Well, we have time-honored ways of doing that—Bible study is one way,
familiarizing ourselves with the only record we have of Jesus’ voice, of Jesus’
teachings . . . worship is another, as we worship our Lord and Savior we are
energized and readied to go out into our communities and our city and our
nation, we are equipped to meet the third source of Jesus’ voice: the least of
these, our neighbors and friends and, even, those whom we consider to be
enemies.
And it’s something of a paradox, isn’t
it? We listen to the Shepherd’s voice
through scripture and preaching and worship, and we try to avoid listening to
the bandits and thieves, who come not through the gate, but over the walls via
the internet and self-improvement seminars and pop-psychologies, and yet one of
the prime ways we hear the shepherd’s voice is through others outside of the
fold . . . but did he not tell us that he is in us all? Don’t Benedictine monks spend much time and
energy discerning Christ’s voice in the world?

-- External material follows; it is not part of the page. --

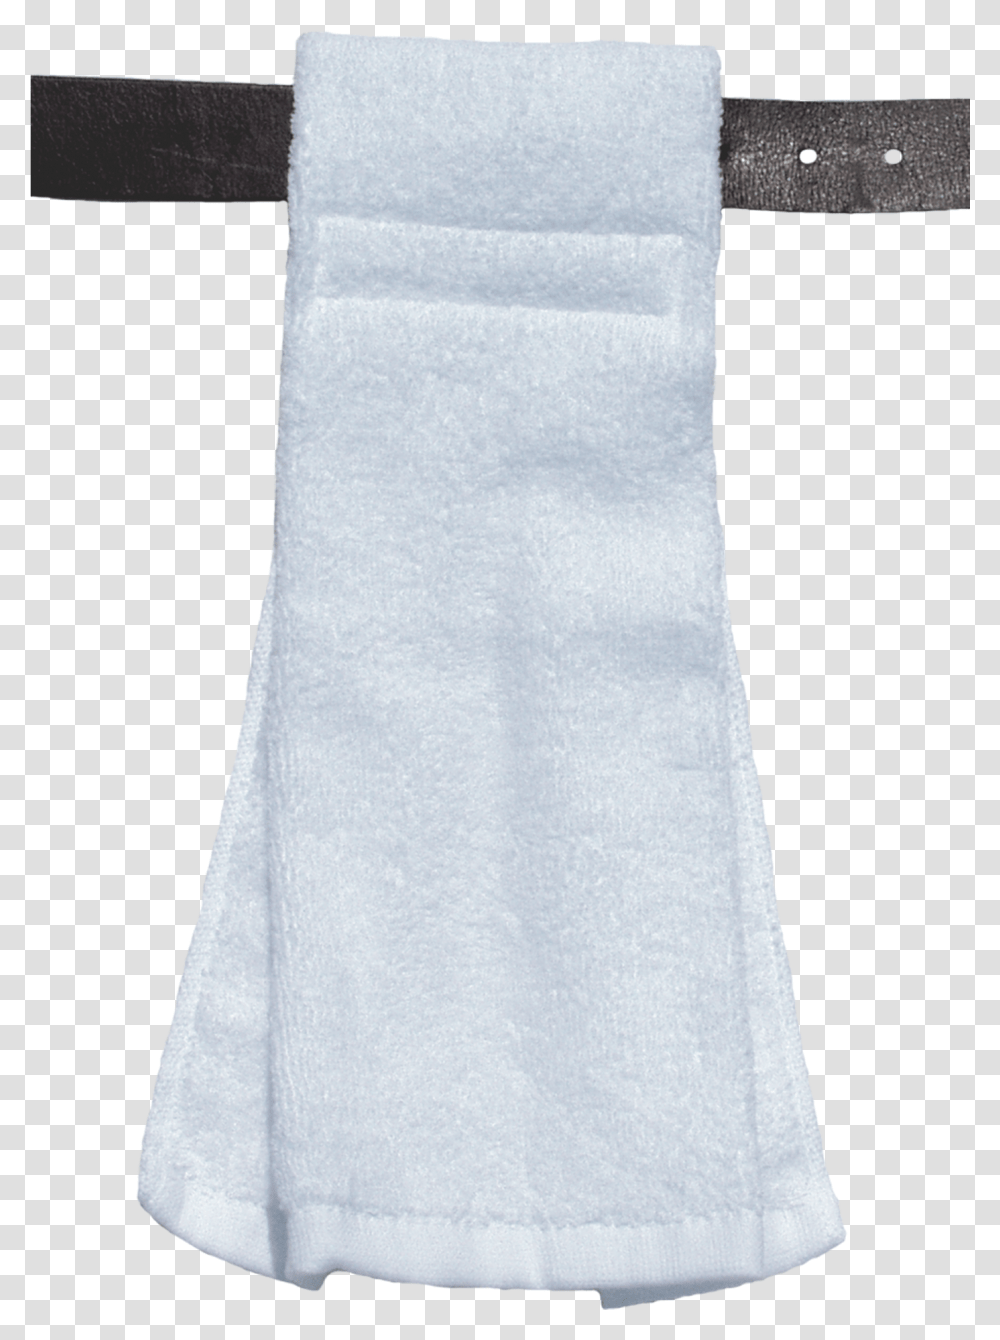 Fft 1 Football Towel, Apparel, Rug, Scarf Transparent Png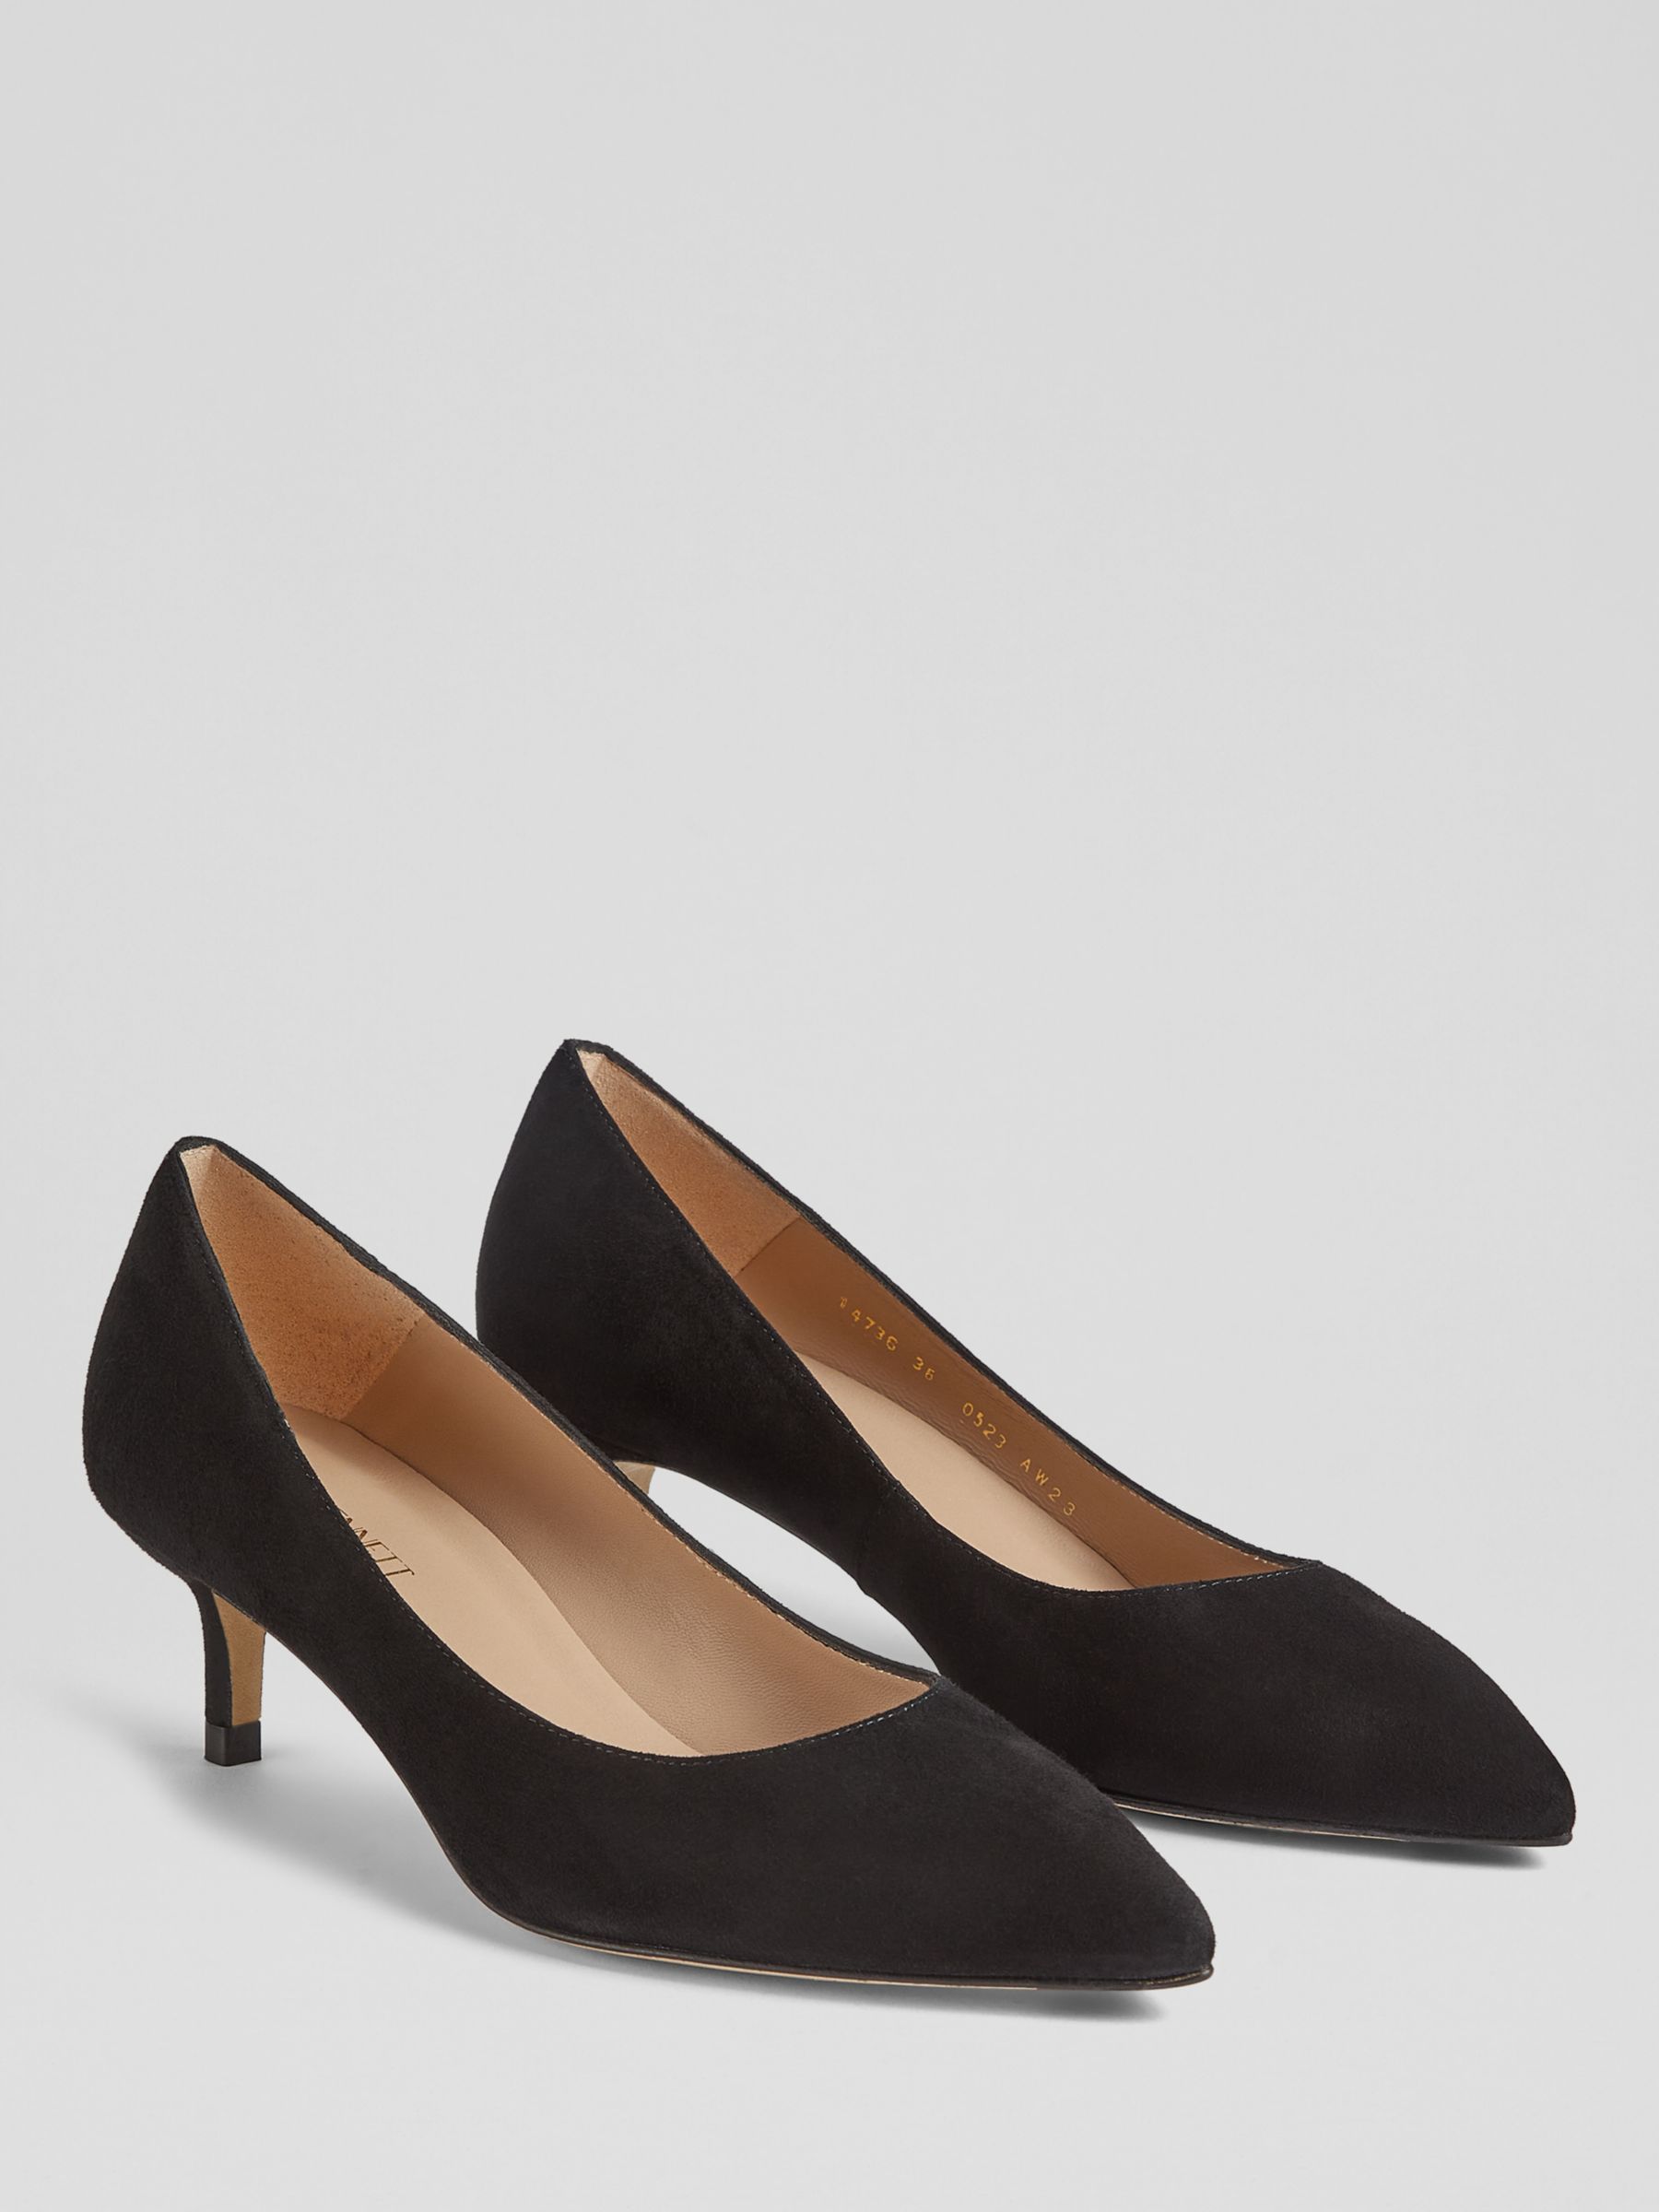 L.K.Bennett Audrey Pointed Toe Court Shoes, Black Suede, 2

Paradox or not, we see and hear his voice every day, in the people we
meet and the sights we see. We only have
to learn to distinguish the shepherd’s voice from all the background
babble.
And that’s where the other two pieces
of the puzzle fit, the other two legs in the discernment stool—because that’s
what we’re practicing when we learn to hear the shepherd’s voice. Within the community of believers, within the
flock we study scripture and engage in corporate worship, then we go out of the
doors to encounter Christ’s voice in the world.
Each leg of the stool reinforces the work of the other . . . what we
learn in Scripture helps us to worship rightly and meaningfully, and helps us
to understand and seek Christ’s voice in the world. In worship, we are sustained and fed for our
journey back into the Bible and out in the world. And finally, as we listen for Christ’s voice
in the world, as we seek those places and those people through which Christ
speaks, it directs our study and worship in increasingly meaningful ways. In science, we call it a feed-back loop.
In strophes from his poem Spanish
Trilogy (III), Rainer Maria Rilke describes a shepherd he experienced in
his travels in Spain:
With slow and steady strides, his
posture is pensive
and, as he stands there, noble. Even
now a god might
secretly slip into this form and not
be diminished.
Rilke, who was a Christian, clearly is
speaking of incarnation, and it is apt: our God slips into the form of a
shepherd, and like a shepherd, he leads us into the fold, into God’s loving
arms, into the arms of our Christian community for rest and study and rejoicing
and praise, then out to pasture in the world.
And as we do, as we enter through Christ the sheep-gate and are led by
Christ the Shepherd, we experience ever more sacred and abundant life. Amen.